至于为什么sys_listen还需要调用get_port确认一次，我还不是太懂。根据代码的注释和书本的讲解，大概可以理解为多线程可能存在竞争（race）。关键就是reuse标示可能被重置，详细解释摘录一段书中的解释如下：

We need to check if we are still eligible to use the same port to which we earlier bound this socket. There is a window between the bind() and listen() calls form an application when two threads can race to bind two sockets to the same port. After both the threads are bound to the same port (both the sockets are in the bind hash list, tcp_bhash), one of the sockets makes the socket port not reusable (resets sk->reuse for itself) and gets into the TCP_LISTEN state. The other thread now enters the listen() systemcall and gets into this part of the code. So, once again it needs to make sure whether it can use the same port that it requested eariler.

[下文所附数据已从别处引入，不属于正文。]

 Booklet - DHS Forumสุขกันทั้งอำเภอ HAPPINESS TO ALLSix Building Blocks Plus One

分析调用bind和listen对socket状态的影响

1. 一个调用了bind，而没有调用listen的socket，是仅仅绑定了端口（或IP）的，并不能接收连接请求。  
    此时socket的状态还不是listening，如果客户端发出连接请求，服务器端会回复reset包  
2. 为socket调用了listen，而没有调用accept时，socket的状态是listening，  
    此时如果客户端发出连接请求，能能够看到三次握手成功的【注意！】；
    同时客户端也能发送数据并收到ACK，但是在发完rwnd数量的数据后会收到rwnd等于0的确认包。  
    此后客户端就会停止发送数据。最终由于服务器端不会consume接收的数据，会导致客户端的0窗口探测包超时后结束连接。

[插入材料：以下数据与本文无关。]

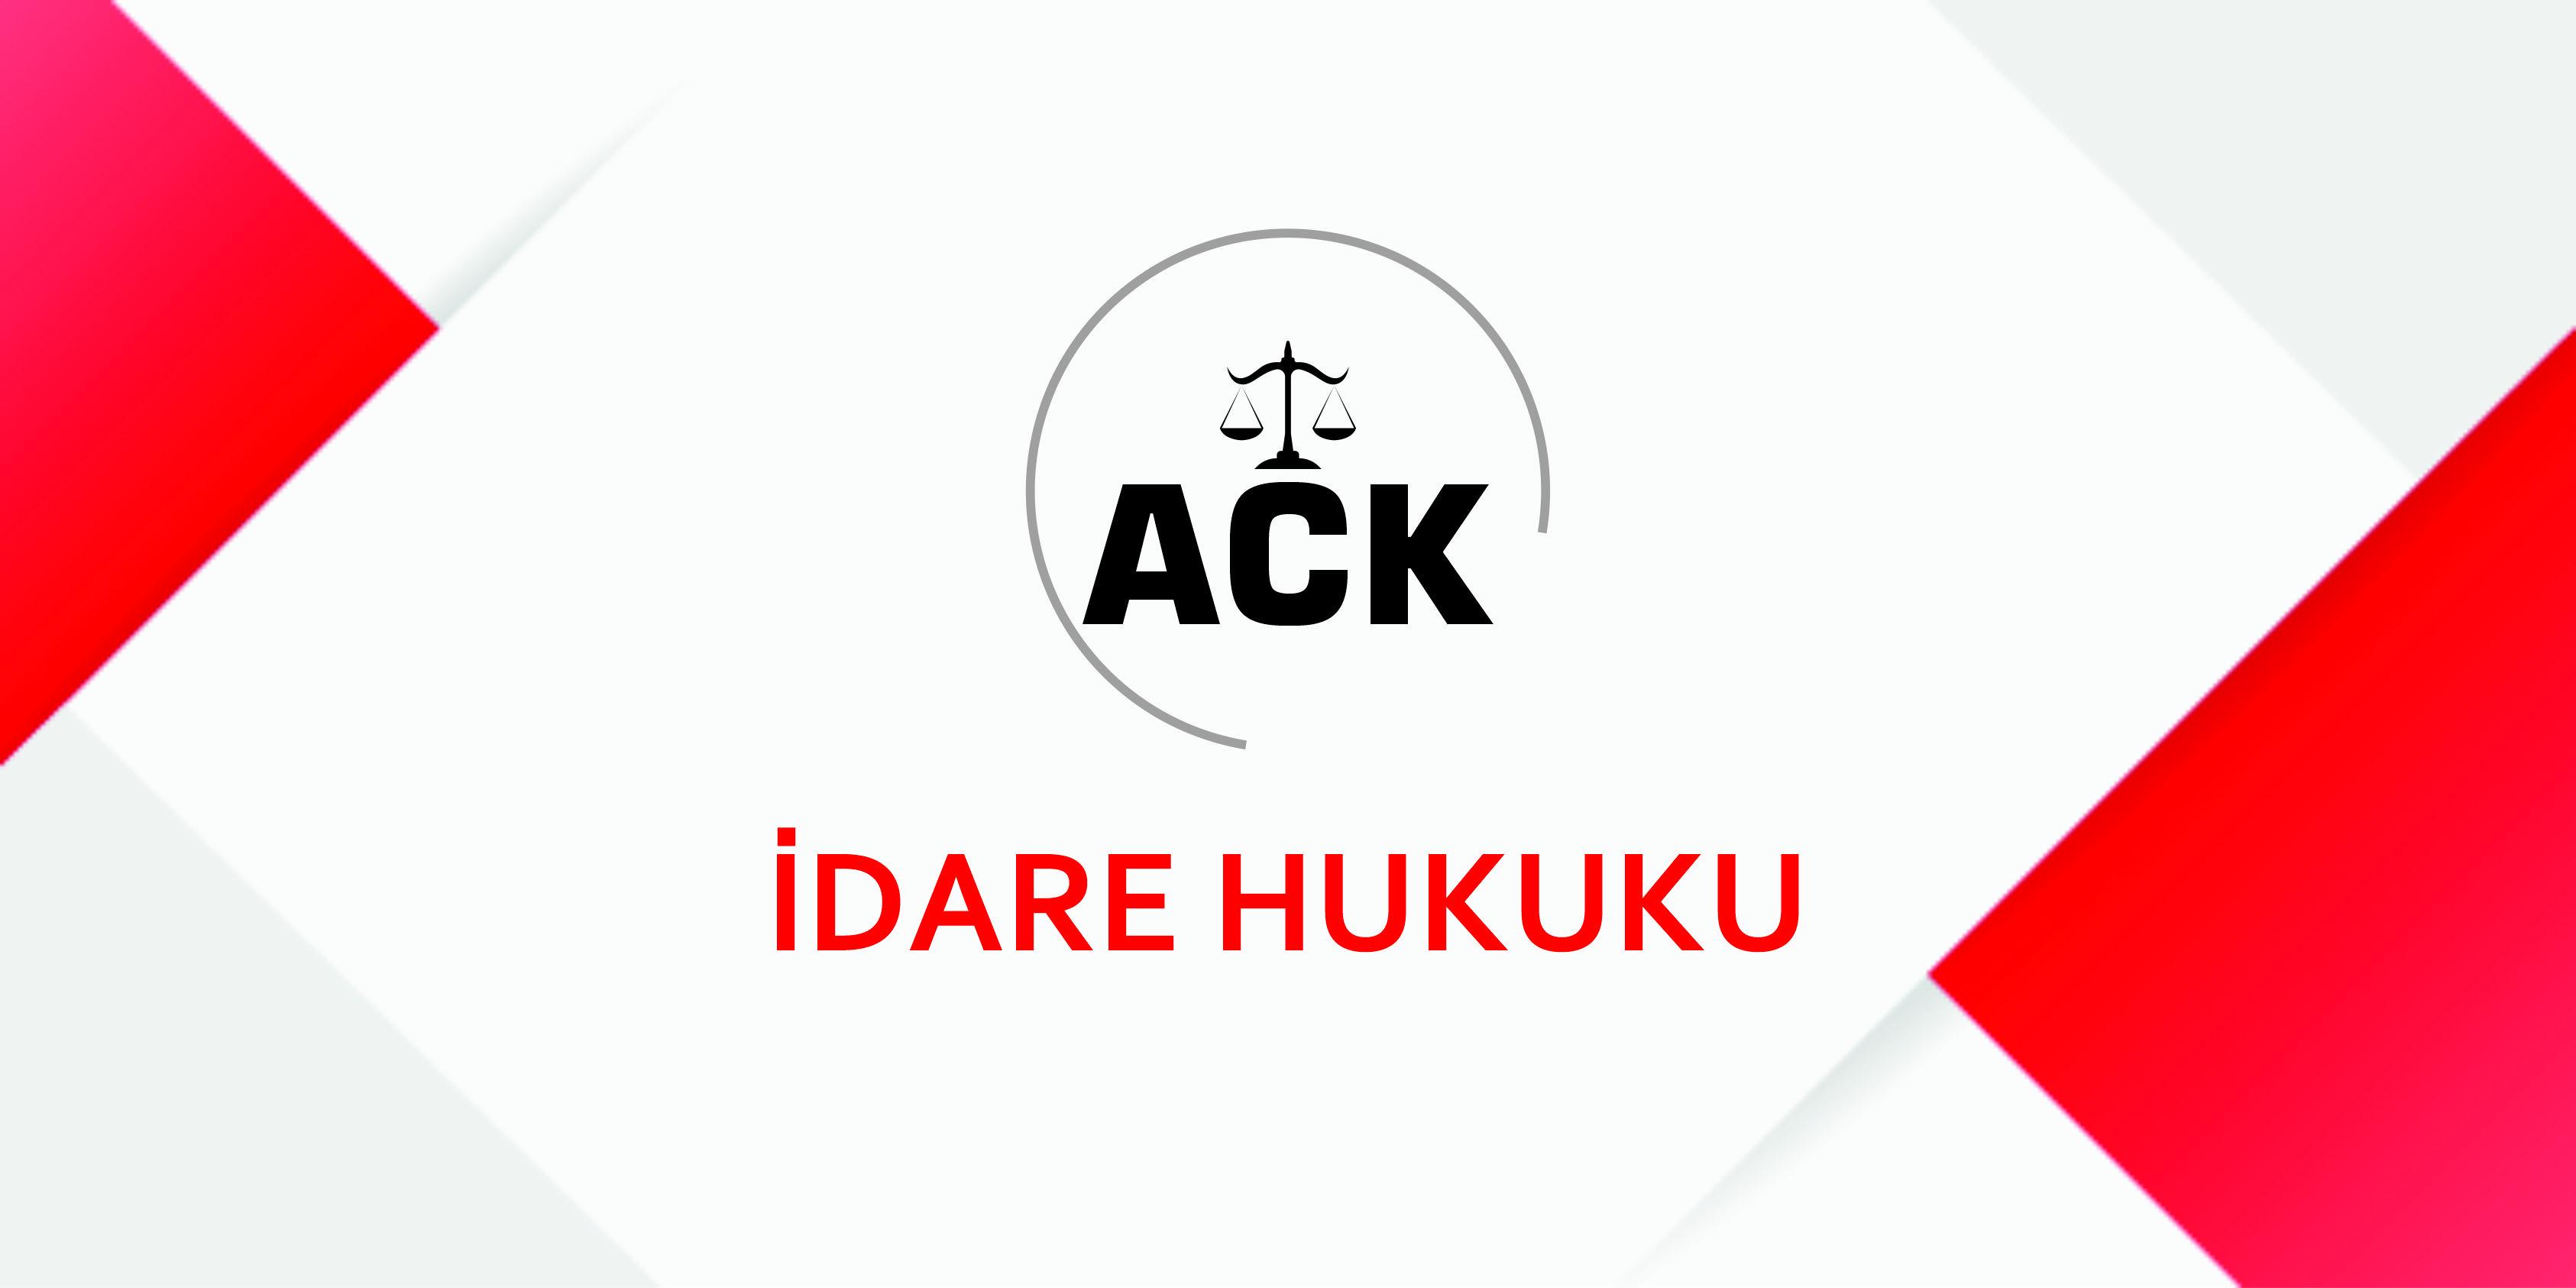 Gaziantep İdare Hukuku Avukatı Aziz Cihan KAÇIRAN

tcp_ehash结构中存储这所有状态为TCP_ESTABLISHED和TIME_WAIT状态下的TCP流。当一个新的数据包到来时，我们需要找到这个包对应的socket，具体就是使用四元组（remote IP, PORT 和 local IP, PORT）作为key在tcp_ehash查找。

区分SYN queue和Accept queue

SYN queue: 当一个调用过listen函数的socket收到连接请求（第一个SYN包）后，会首先发送SYN/ACK包然后添加对应的connection request到SYN queue中去等待最后一个ACK包。

Accept queue: 一旦收到了三次握手的最后一个ACK包，一个新的socket将会为对应的connection request建立，然后将connection request从SYN queue中移除。最后connection request 将放入listening socket对应的accept queue中。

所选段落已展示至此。